> _Recorded data_:
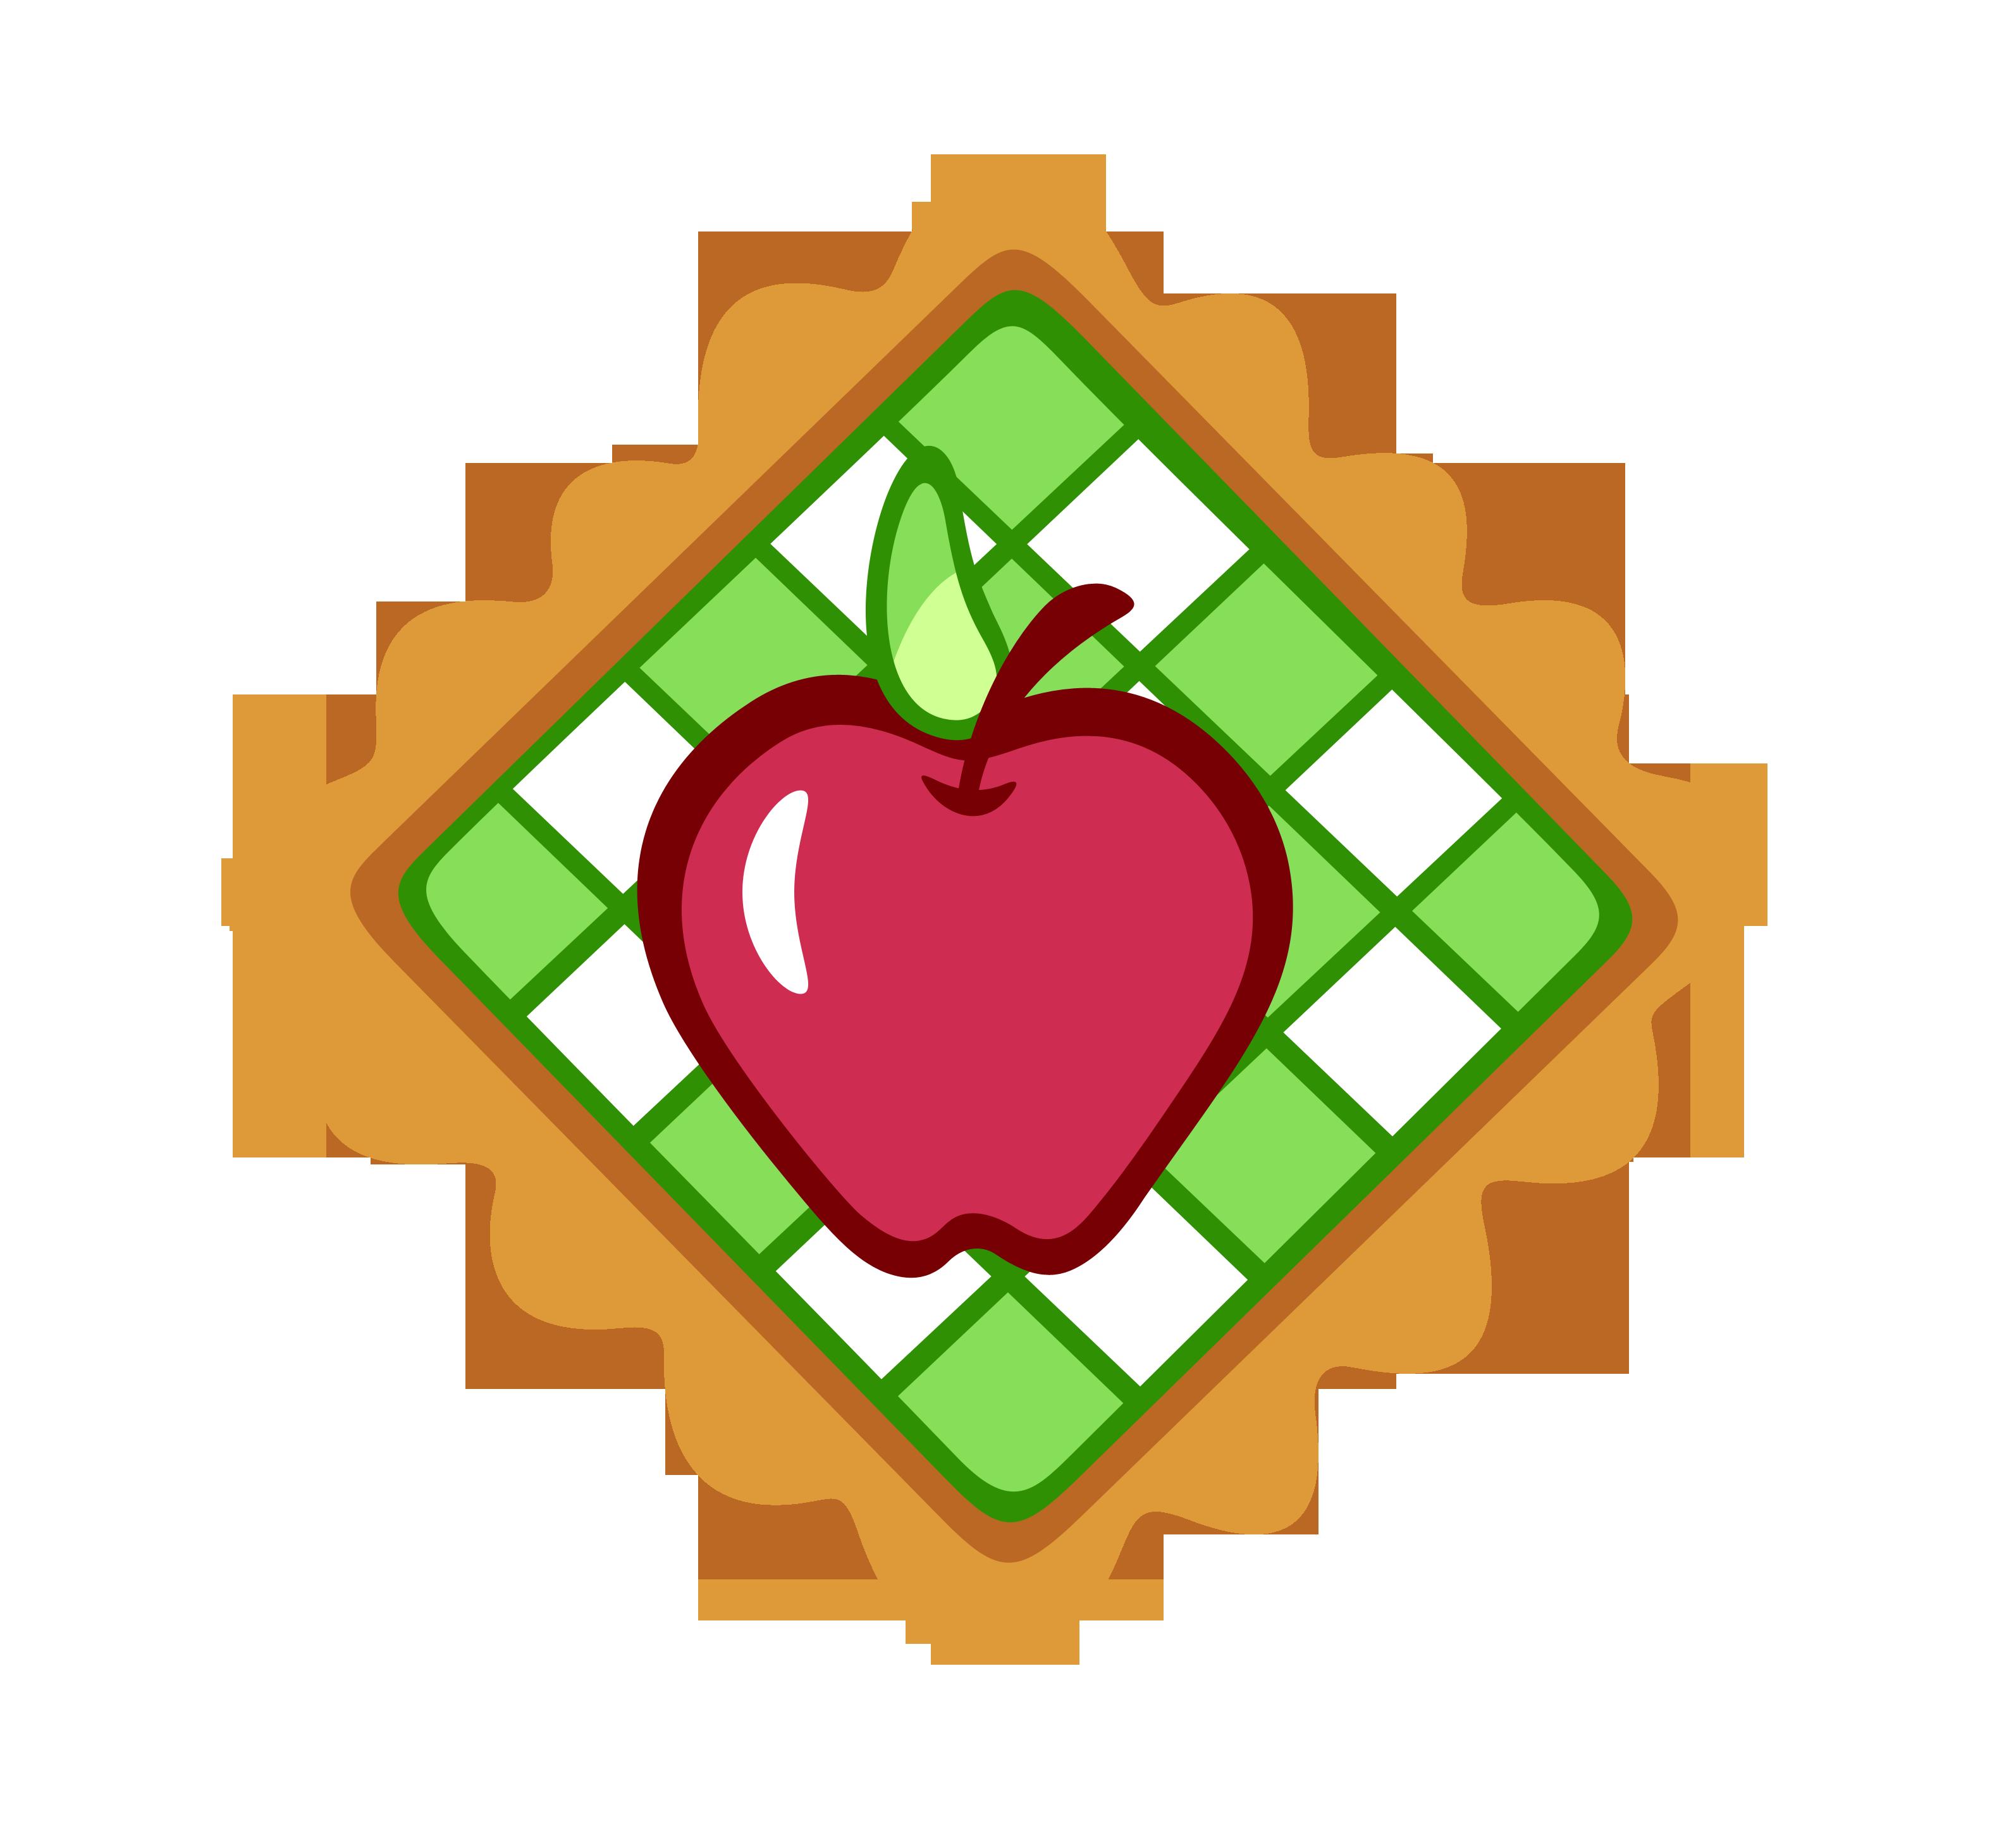 Death star shaped as an apple clipart graphic transparent Cutie Mark - Apple Honey by Durpy on DeviantArt | mlp | Pinterest ... graphic transparent
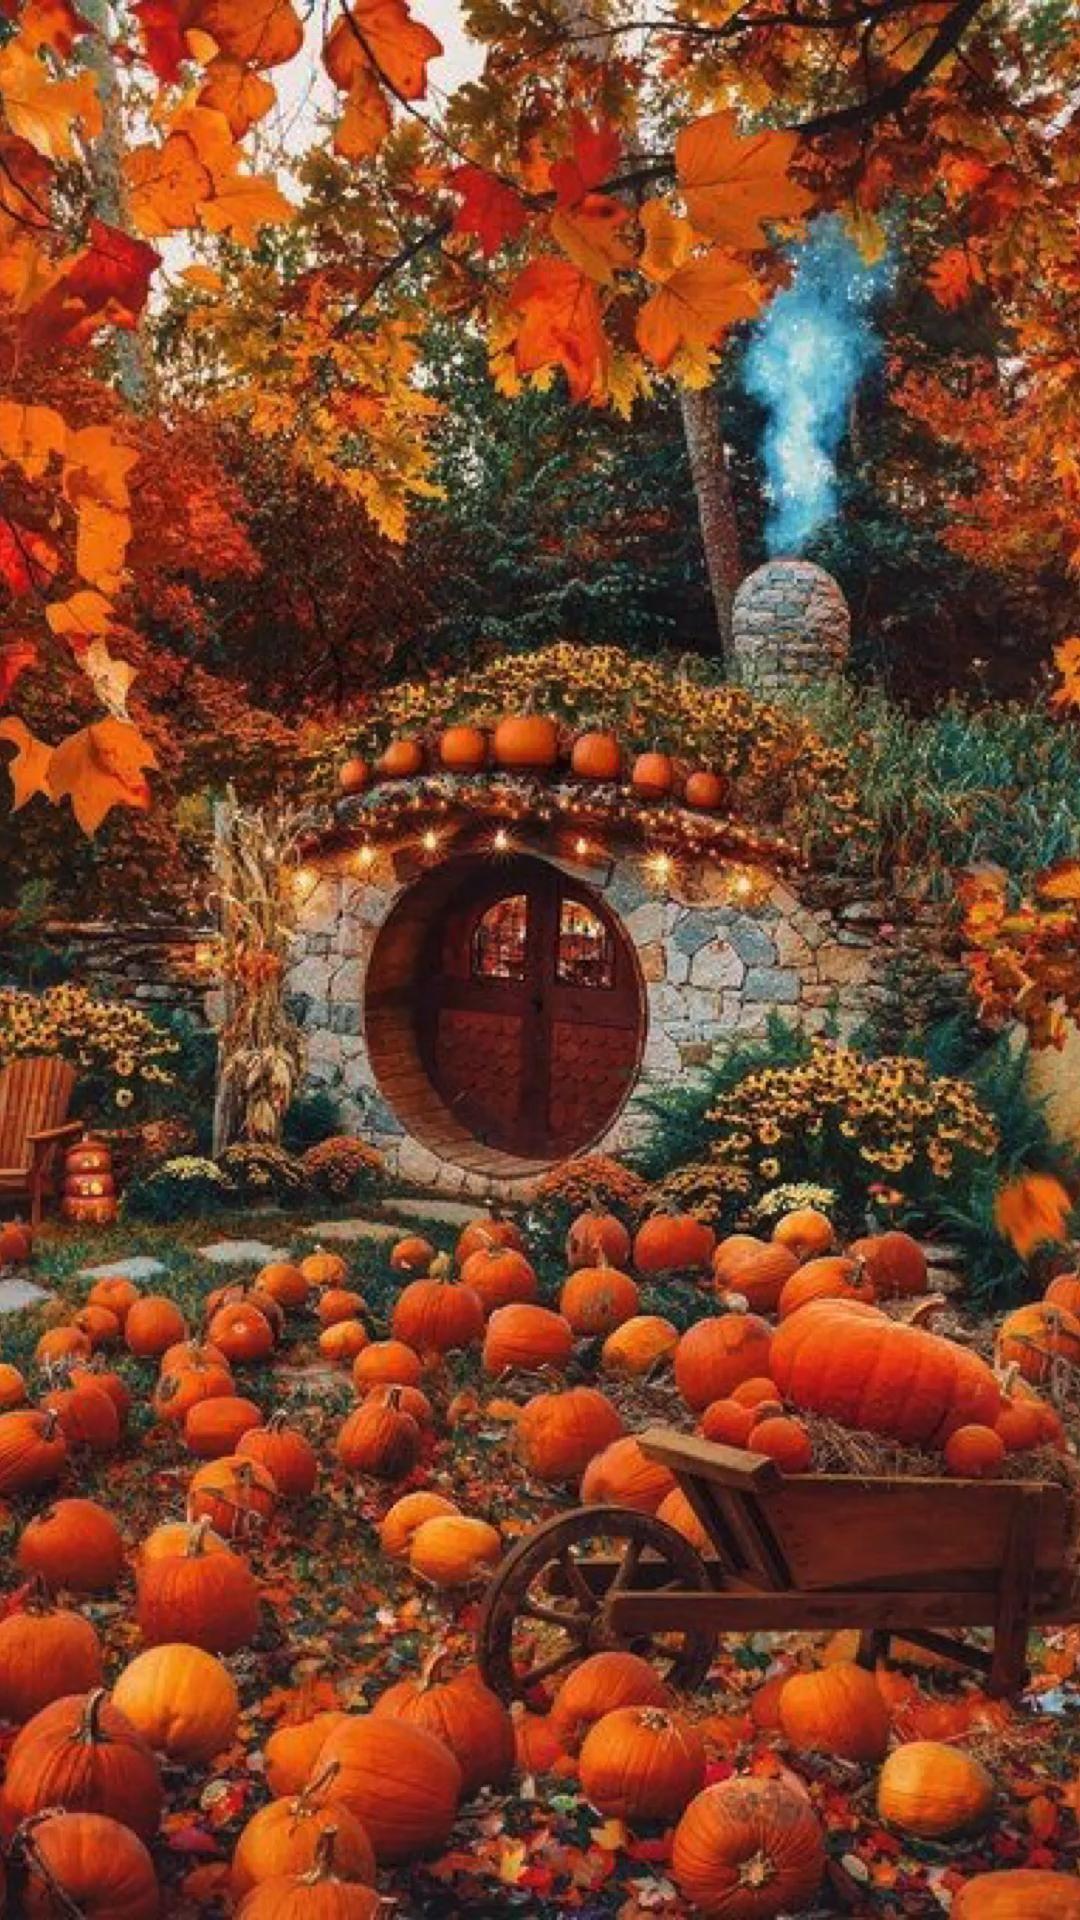 more fall stuff
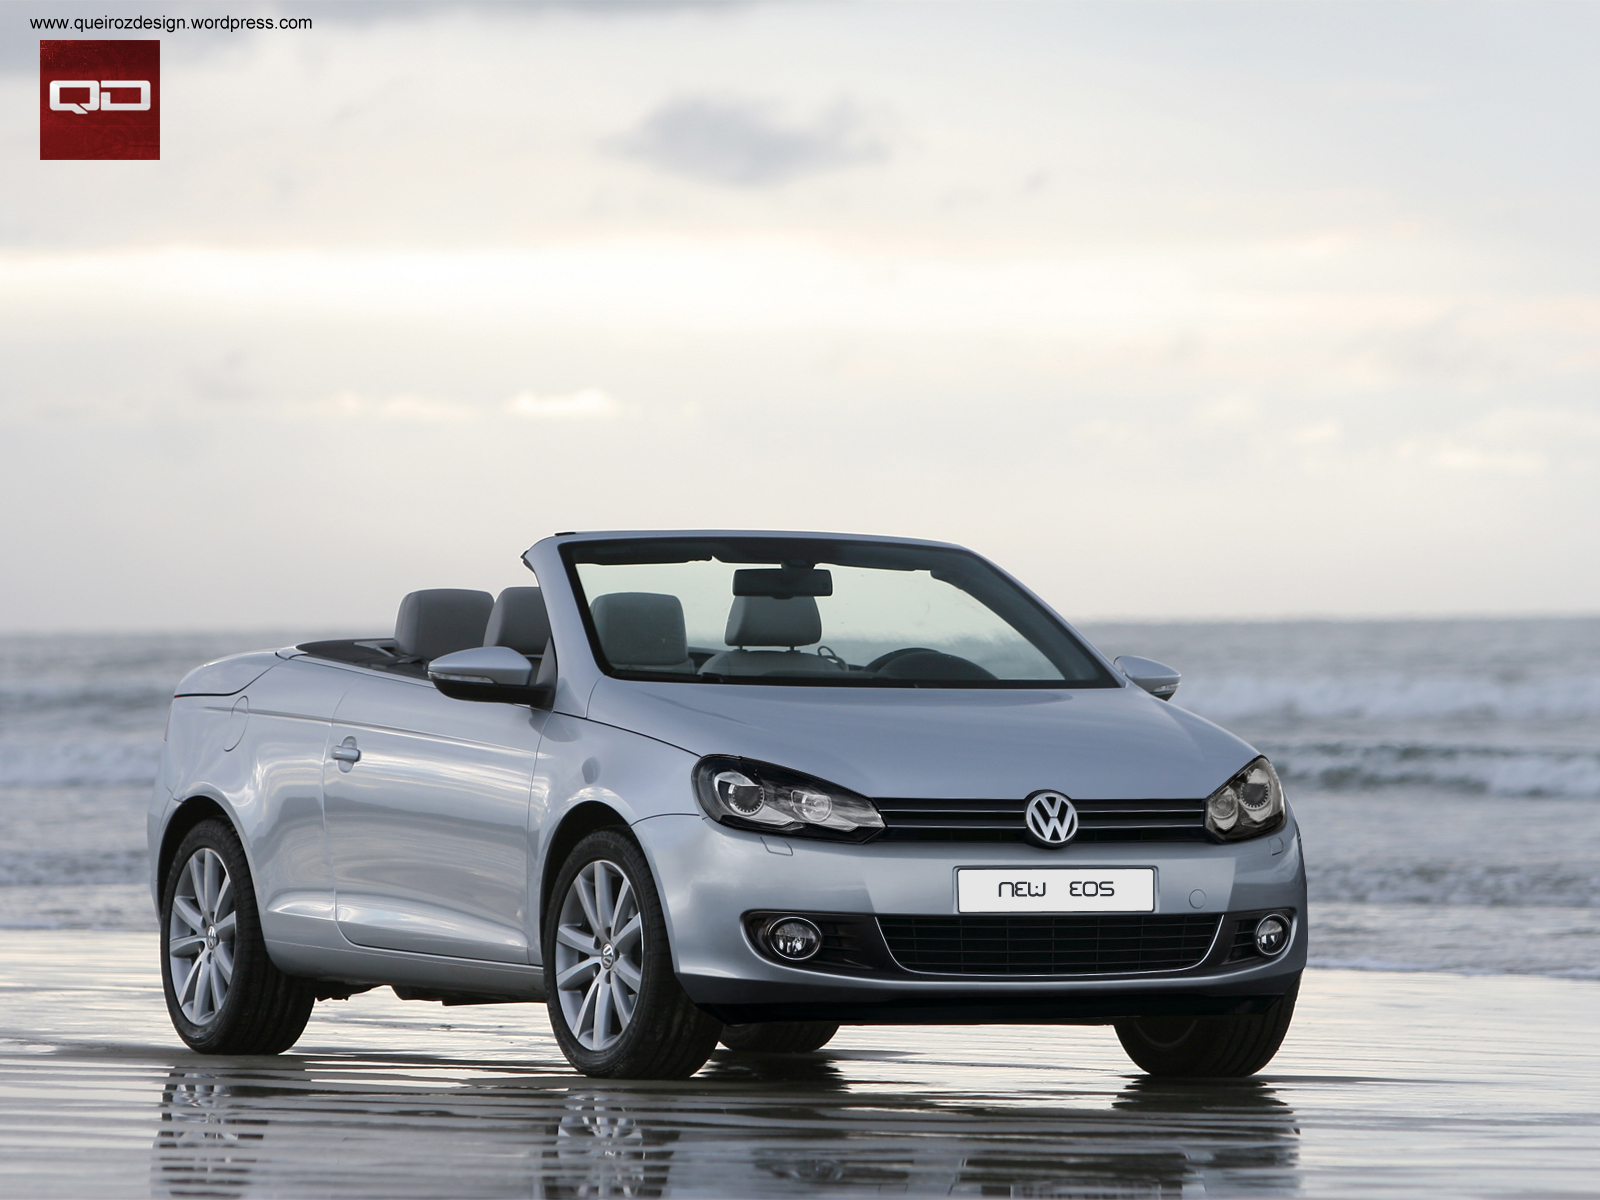 Volkswagen Eos 2011 - Clique na Imagem para Ampliar

> _Work required_: With the line containing "more fall stuff" as the first line and the last line of the listing as the final one, reproduce that span exactly, without pictures.

> _Problem solution_:
 more fall stuff
 Volkswagen Eos 2011 - Clique na Imagem para Ampliar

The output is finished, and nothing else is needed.